| Task to complete |
Spot each line in the data below containing "Shorts" and copy it.

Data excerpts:
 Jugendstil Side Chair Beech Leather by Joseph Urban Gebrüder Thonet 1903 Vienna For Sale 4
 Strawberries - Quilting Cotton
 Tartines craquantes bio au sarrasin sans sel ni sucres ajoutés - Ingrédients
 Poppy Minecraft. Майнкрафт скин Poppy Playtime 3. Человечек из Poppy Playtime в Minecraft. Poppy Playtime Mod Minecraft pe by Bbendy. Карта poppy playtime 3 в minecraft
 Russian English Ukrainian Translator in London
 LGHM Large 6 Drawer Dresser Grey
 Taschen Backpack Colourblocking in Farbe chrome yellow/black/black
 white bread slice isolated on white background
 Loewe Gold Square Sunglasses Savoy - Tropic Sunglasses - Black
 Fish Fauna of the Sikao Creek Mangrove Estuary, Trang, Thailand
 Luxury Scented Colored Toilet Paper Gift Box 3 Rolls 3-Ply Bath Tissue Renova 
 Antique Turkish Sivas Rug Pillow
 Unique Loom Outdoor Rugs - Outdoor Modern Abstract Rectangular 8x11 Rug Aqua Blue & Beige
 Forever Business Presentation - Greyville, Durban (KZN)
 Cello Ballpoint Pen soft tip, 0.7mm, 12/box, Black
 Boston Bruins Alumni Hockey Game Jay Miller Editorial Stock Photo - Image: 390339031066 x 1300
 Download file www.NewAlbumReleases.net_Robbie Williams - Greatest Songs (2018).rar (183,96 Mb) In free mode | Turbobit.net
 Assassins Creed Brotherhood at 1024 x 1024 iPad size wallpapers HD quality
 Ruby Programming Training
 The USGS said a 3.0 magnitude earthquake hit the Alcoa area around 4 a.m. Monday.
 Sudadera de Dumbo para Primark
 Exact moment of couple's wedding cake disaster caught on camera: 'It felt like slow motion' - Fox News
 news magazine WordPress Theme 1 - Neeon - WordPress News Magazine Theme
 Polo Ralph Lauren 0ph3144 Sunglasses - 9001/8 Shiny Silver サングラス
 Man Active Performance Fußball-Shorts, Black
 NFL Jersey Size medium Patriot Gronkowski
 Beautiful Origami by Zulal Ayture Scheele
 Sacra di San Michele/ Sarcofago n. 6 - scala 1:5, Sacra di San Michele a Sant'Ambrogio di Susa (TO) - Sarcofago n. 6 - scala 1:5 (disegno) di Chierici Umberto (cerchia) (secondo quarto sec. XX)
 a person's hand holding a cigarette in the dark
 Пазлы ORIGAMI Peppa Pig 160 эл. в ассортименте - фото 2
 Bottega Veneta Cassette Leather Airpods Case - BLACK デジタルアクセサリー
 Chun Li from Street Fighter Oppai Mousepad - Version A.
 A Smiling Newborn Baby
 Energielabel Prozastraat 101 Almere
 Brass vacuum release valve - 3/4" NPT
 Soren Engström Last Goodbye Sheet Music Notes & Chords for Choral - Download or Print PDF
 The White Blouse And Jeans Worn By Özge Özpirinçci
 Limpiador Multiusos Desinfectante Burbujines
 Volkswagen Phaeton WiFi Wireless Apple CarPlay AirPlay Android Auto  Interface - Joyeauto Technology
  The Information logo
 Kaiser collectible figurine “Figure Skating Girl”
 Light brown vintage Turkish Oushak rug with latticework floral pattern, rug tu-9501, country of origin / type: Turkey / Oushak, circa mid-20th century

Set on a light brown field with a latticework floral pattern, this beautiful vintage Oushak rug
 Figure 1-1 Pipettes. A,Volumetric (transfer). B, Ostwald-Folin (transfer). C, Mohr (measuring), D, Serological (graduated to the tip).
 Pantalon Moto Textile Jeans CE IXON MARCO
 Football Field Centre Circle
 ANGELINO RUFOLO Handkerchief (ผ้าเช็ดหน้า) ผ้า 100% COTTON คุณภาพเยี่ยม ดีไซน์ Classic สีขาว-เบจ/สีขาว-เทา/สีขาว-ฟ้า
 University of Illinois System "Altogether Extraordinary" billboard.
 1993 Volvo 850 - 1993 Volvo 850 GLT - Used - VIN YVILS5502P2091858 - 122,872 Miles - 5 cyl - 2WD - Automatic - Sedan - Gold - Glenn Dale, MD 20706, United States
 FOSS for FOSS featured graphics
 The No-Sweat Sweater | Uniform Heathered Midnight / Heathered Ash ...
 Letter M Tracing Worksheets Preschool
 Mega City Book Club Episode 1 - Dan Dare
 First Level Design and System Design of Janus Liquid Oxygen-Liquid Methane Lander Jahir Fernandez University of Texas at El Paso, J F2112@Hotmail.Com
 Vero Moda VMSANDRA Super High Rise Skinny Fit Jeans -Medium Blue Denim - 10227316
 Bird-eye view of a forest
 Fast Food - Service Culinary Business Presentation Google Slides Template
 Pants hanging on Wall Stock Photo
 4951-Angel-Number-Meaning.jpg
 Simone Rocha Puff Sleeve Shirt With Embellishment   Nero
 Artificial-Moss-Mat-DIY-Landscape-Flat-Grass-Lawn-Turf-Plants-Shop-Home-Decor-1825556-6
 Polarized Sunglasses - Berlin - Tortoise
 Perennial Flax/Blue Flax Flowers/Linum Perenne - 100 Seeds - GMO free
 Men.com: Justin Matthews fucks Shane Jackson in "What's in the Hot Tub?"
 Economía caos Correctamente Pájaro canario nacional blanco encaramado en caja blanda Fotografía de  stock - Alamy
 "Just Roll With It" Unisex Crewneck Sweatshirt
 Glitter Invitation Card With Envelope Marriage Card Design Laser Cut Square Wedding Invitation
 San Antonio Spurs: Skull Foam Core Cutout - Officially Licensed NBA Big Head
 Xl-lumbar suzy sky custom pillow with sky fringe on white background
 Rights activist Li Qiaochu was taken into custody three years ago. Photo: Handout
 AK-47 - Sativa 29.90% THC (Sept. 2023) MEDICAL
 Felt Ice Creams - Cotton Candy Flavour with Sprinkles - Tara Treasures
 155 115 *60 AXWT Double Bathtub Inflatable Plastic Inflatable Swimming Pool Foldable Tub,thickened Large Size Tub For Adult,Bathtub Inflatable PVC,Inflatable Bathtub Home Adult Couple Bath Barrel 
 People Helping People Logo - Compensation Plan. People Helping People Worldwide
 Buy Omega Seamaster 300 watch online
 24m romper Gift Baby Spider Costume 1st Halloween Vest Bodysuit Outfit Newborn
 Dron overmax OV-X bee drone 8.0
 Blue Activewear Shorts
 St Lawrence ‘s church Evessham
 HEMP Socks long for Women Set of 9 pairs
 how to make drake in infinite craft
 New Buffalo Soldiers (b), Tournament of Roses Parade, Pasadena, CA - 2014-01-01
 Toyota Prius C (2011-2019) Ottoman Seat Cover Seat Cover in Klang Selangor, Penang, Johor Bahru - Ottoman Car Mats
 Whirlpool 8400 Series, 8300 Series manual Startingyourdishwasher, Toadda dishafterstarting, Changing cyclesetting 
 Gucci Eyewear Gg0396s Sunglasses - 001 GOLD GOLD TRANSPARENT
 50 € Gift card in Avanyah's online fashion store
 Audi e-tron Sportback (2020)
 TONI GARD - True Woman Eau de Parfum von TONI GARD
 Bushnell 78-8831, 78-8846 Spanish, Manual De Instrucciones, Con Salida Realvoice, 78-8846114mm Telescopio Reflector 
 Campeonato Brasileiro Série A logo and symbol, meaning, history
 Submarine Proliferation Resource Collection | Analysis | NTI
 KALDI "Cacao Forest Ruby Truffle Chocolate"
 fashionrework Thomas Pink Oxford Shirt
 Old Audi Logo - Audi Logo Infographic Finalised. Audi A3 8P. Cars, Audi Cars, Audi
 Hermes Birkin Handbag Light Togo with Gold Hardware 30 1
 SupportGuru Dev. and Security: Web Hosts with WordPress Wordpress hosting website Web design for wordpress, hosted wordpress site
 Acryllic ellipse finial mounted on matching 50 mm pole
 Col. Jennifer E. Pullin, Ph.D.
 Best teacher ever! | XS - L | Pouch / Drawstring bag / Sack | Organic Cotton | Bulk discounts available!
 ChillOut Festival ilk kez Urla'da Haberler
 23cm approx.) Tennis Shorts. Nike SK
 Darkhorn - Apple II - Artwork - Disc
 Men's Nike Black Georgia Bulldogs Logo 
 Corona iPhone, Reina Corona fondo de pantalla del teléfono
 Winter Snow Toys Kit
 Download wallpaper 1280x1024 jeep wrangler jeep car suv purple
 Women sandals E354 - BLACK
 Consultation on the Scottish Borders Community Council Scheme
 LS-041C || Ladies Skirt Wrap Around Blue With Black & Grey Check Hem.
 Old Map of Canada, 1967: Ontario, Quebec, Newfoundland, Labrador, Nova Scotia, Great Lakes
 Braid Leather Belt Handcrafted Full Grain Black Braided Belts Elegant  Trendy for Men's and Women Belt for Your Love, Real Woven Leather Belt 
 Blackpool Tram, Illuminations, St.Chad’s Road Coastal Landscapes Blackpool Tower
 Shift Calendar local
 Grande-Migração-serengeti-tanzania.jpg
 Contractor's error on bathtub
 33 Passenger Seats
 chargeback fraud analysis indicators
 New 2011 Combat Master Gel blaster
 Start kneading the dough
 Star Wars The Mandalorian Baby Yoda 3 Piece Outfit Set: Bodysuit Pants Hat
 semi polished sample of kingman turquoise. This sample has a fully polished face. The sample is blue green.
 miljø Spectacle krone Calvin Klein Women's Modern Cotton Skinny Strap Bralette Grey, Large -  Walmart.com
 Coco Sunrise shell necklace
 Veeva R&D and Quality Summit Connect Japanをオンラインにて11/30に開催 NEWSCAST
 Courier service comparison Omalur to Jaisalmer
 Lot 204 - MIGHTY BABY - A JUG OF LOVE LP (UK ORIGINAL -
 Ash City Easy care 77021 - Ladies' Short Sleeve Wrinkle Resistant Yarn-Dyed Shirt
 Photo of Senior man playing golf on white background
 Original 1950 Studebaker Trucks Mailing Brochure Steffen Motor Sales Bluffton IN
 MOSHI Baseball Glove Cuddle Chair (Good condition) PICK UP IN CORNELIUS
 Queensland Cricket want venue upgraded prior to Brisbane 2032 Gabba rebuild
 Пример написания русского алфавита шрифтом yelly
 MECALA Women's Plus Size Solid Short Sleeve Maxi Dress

| Solution to the problem |
 Man Active Performance Fußball-Shorts, Black
 Blue Activewear Shorts
 23cm approx.) Tennis Shorts. Nike SK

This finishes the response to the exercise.